Why it matters: The Iran war has triggered energy inflation that's dimming the prospects of interest rate cuts and keeping borrowing costs higher.
Zoom in: The average 30-year fixed-rate mortgage was 6.43% last week, up from 6.3% a week earlier, the Mortgage Bankers Association reported Wednesday.
- Meanwhile, mortgage applications plunged 10.5% on a seasonally adjusted basis, MBA reported.
- Refinance applications fell 14.6%.
Between the lines: Mortgage rates are priced off the 10-year Treasury yield, plus a risk premium.
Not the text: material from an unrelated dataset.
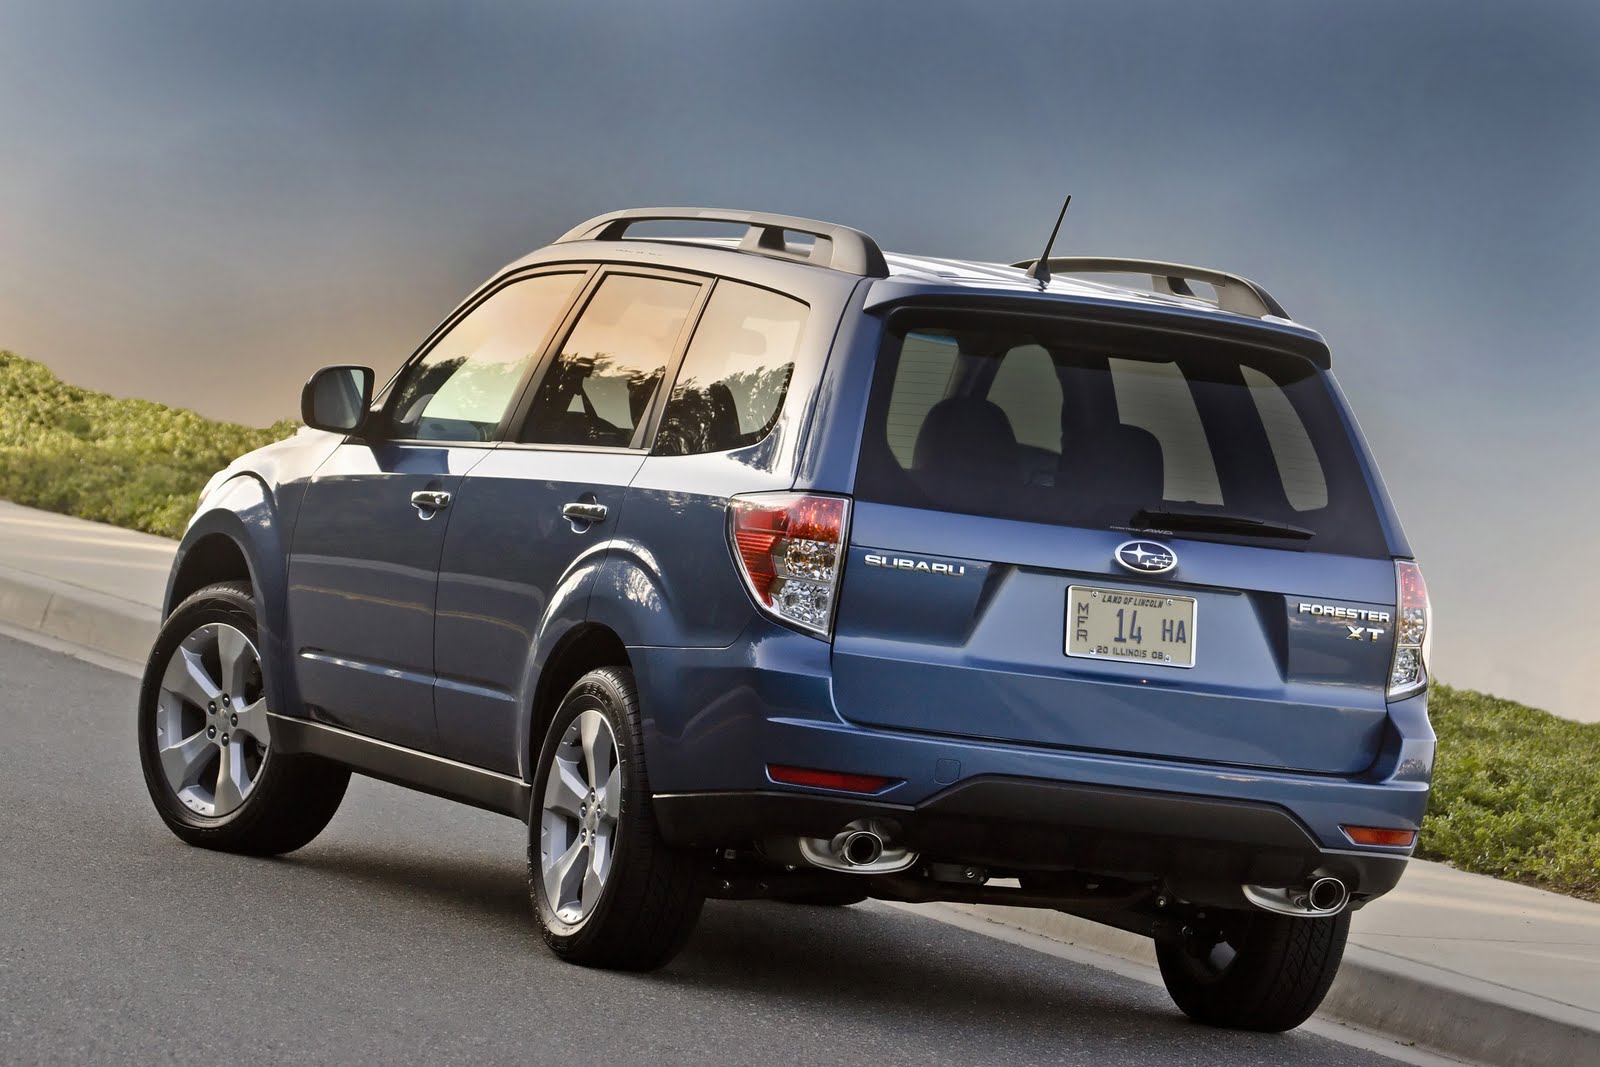 2011 Subaru Forester Review NEW CARUSED CAR REVIEWS PICTURE

Both the benchmark yield and that spread have risen in March.
What they're saying: "The threat of higher-for-longer oil prices continued to keep Treasury yields elevated, and mortgage rates finished last week higher," MBA deputy chief economist Joel Kan said in a statement.
- "Higher mortgage rates, coupled with affordability constraints and economic uncertainty, pushed some potential homebuyers to the sidelines."
State of play: The housing market was already under pressure amid growing concerns about the job market and limited inventory.
- "Higher borrowing costs represent a headwind for the long-suffering housing market as it heads into the crucial spring selling season," Bloomberg noted. "Builders had already been employing incentives and cutting prices to help drum up demand and reduce inventory."
The bottom line: The ripple effects of Iran are hitting home.